%%

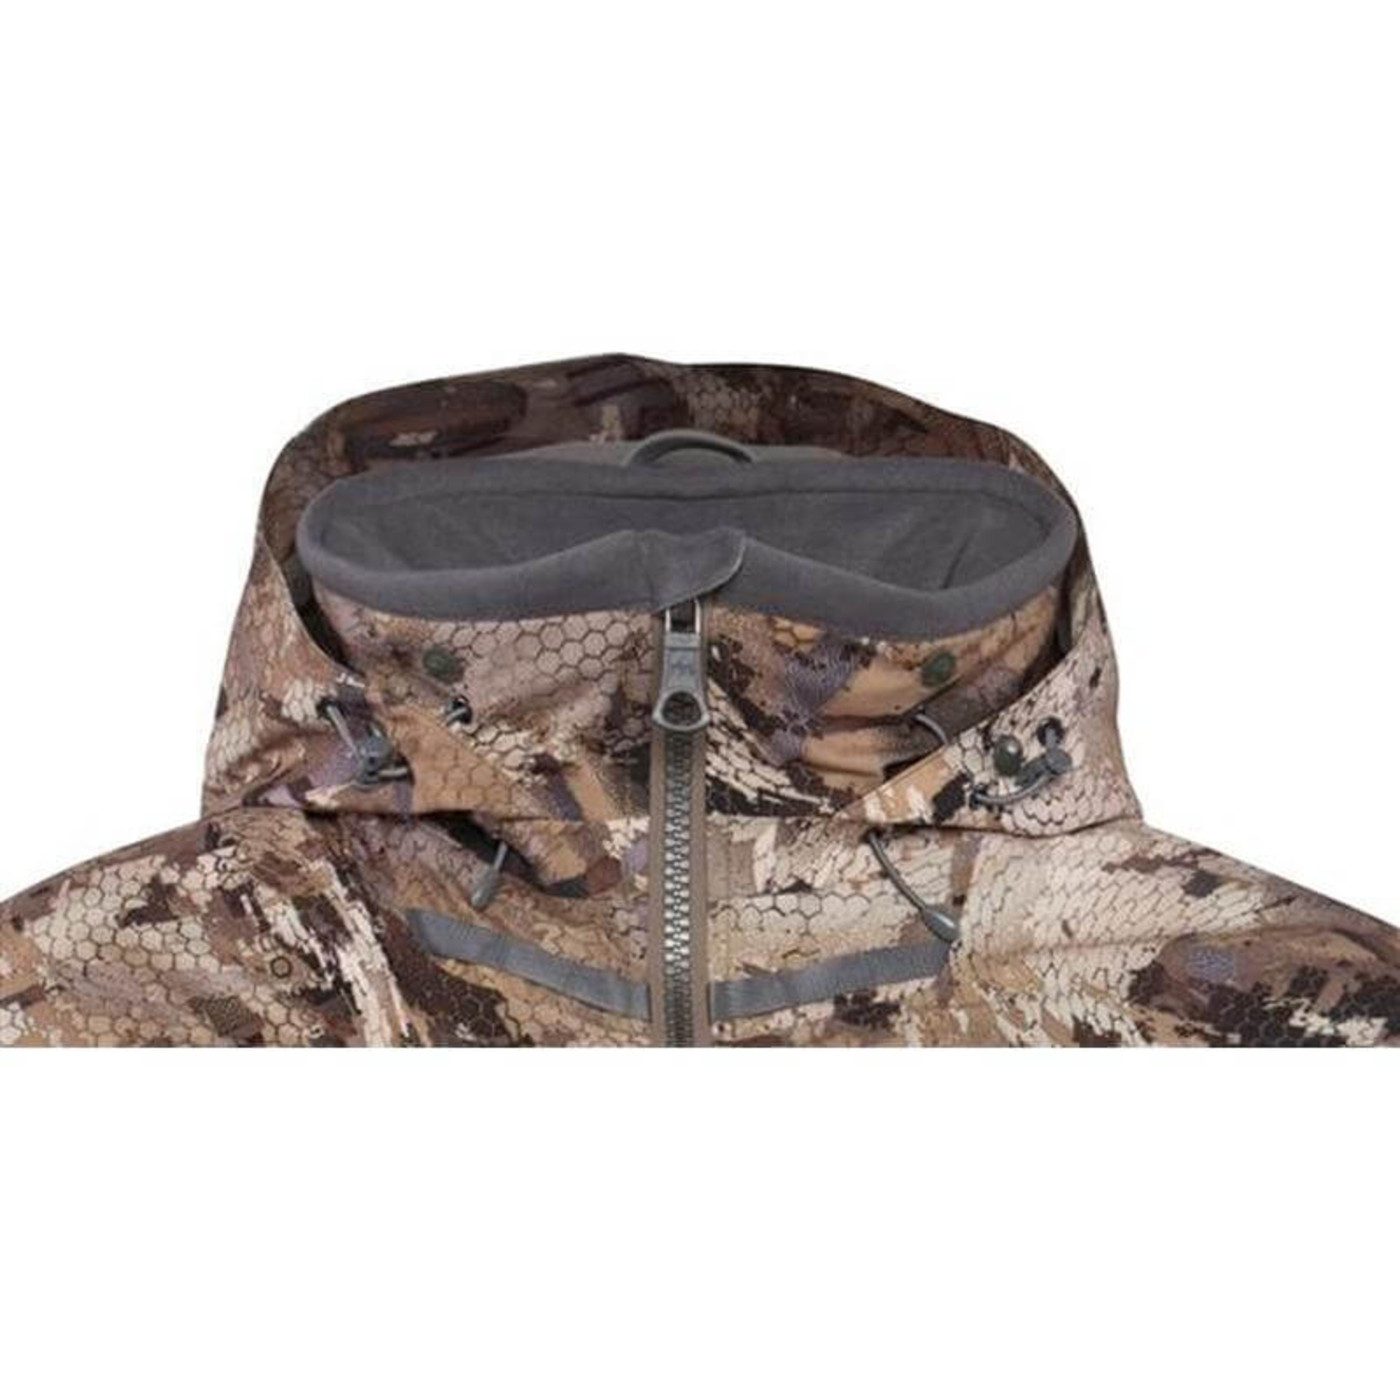 Sitka Boreal Jacket in Waterfowl Marsh Color
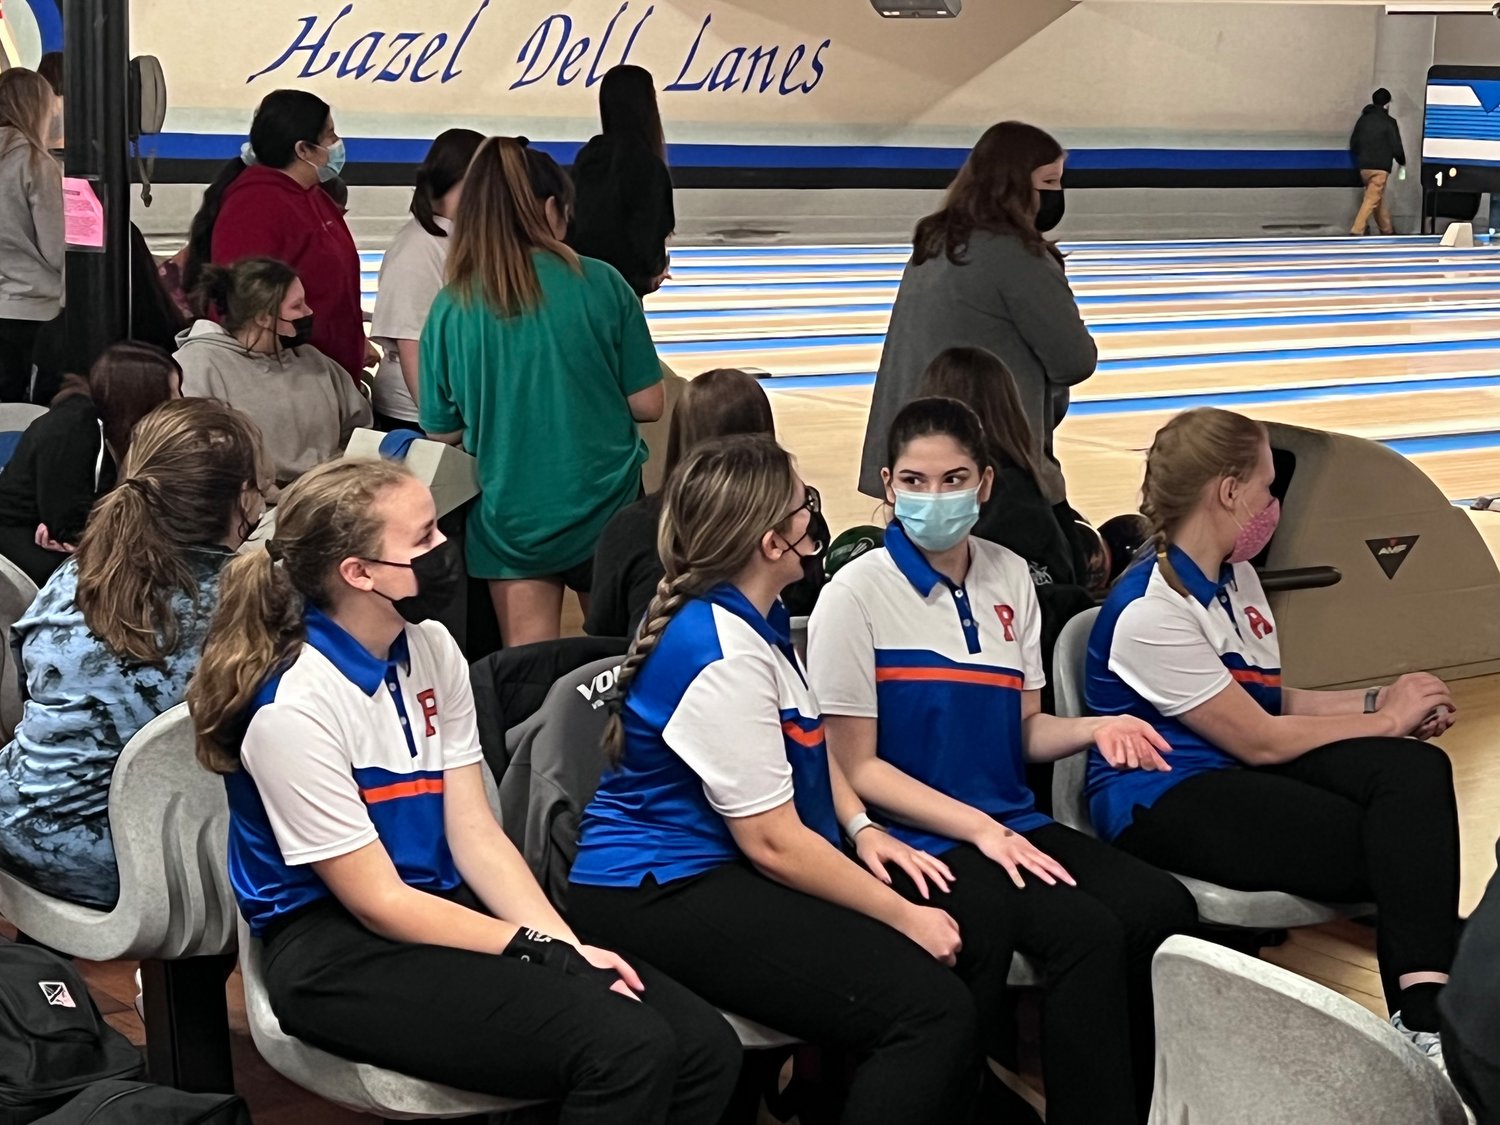 A group of Ridgefield bowlers watch their teammate play.
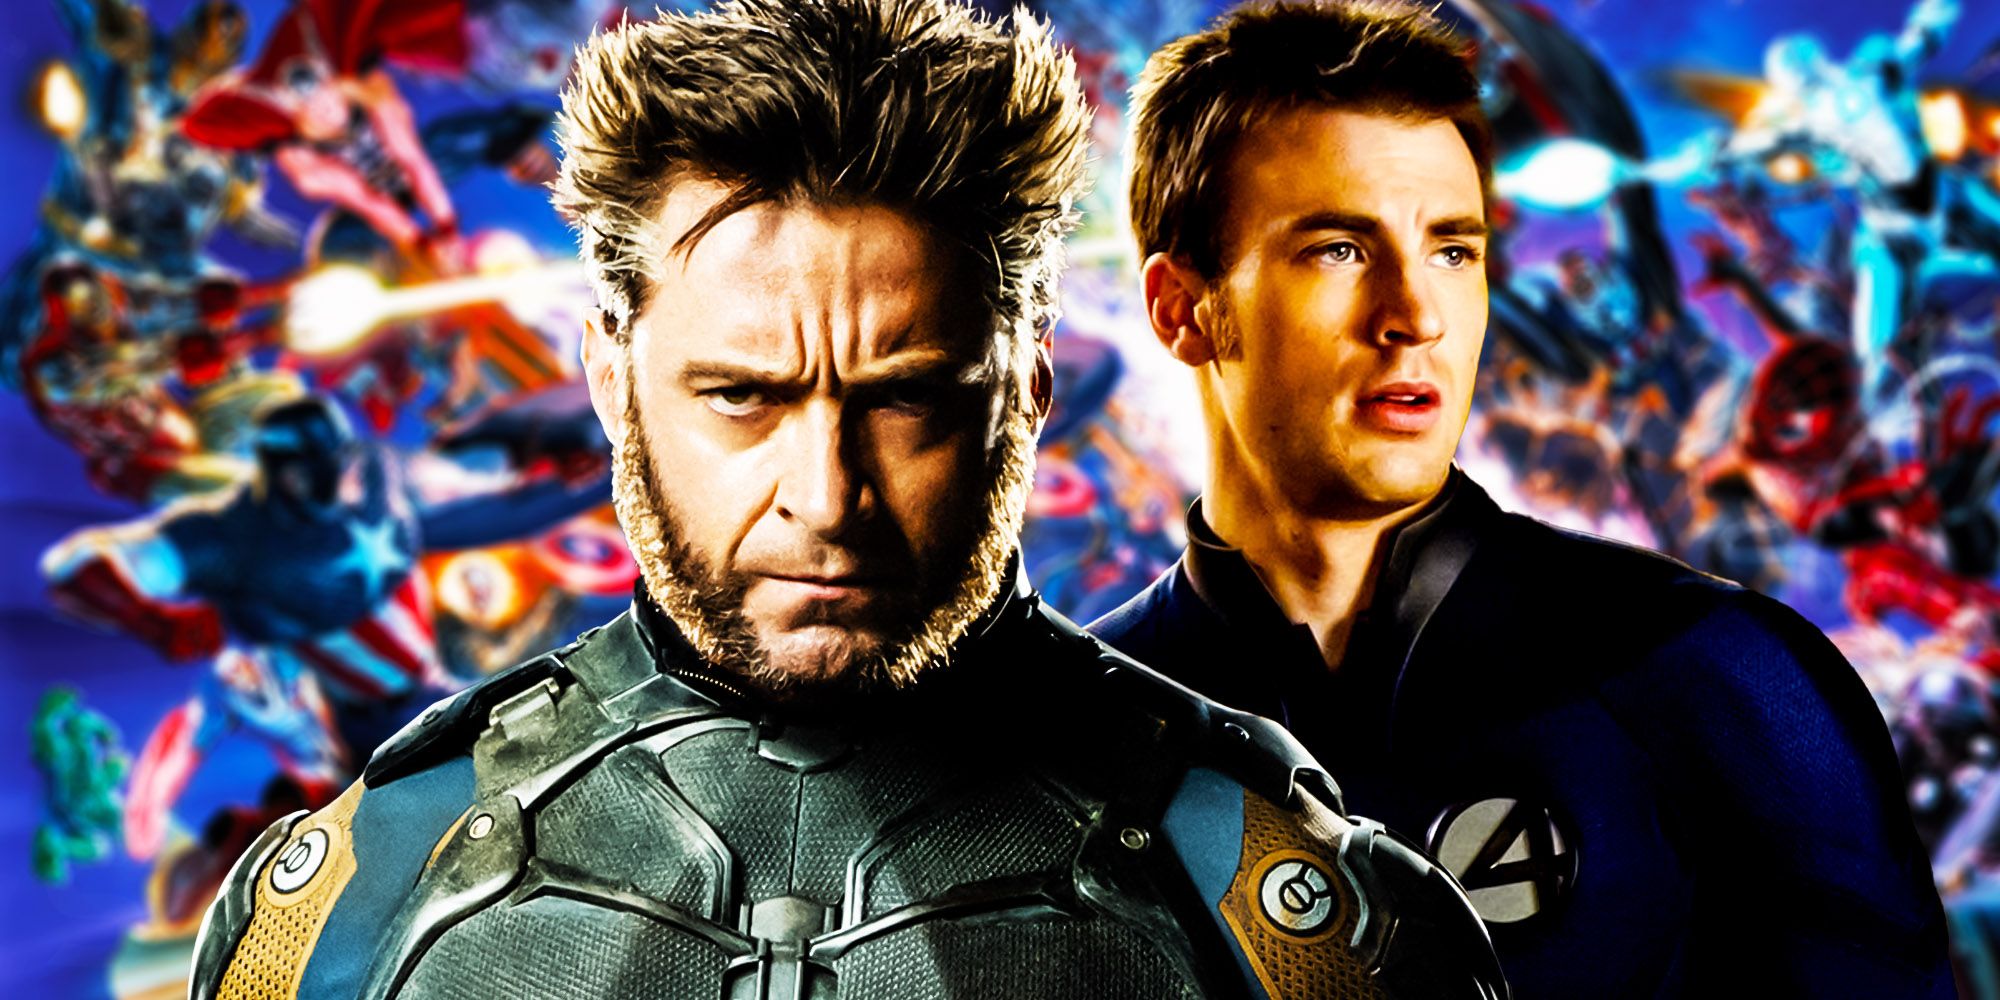 The comic backdrop of Secret Wars: Hugh Jackman's Wolverine and Chris Evans' The Human Torch

%%

**ACTION ITEM**
What is needed here is each line above set down word for word, minus the images.

**ANSWER BOX**
 Sitka Boreal Jacket in Waterfowl Marsh Color
 A group of Ridgefield bowlers watch their teammate play.
 The comic backdrop of Secret Wars: Hugh Jackman's Wolverine and Chris Evans' The Human Torch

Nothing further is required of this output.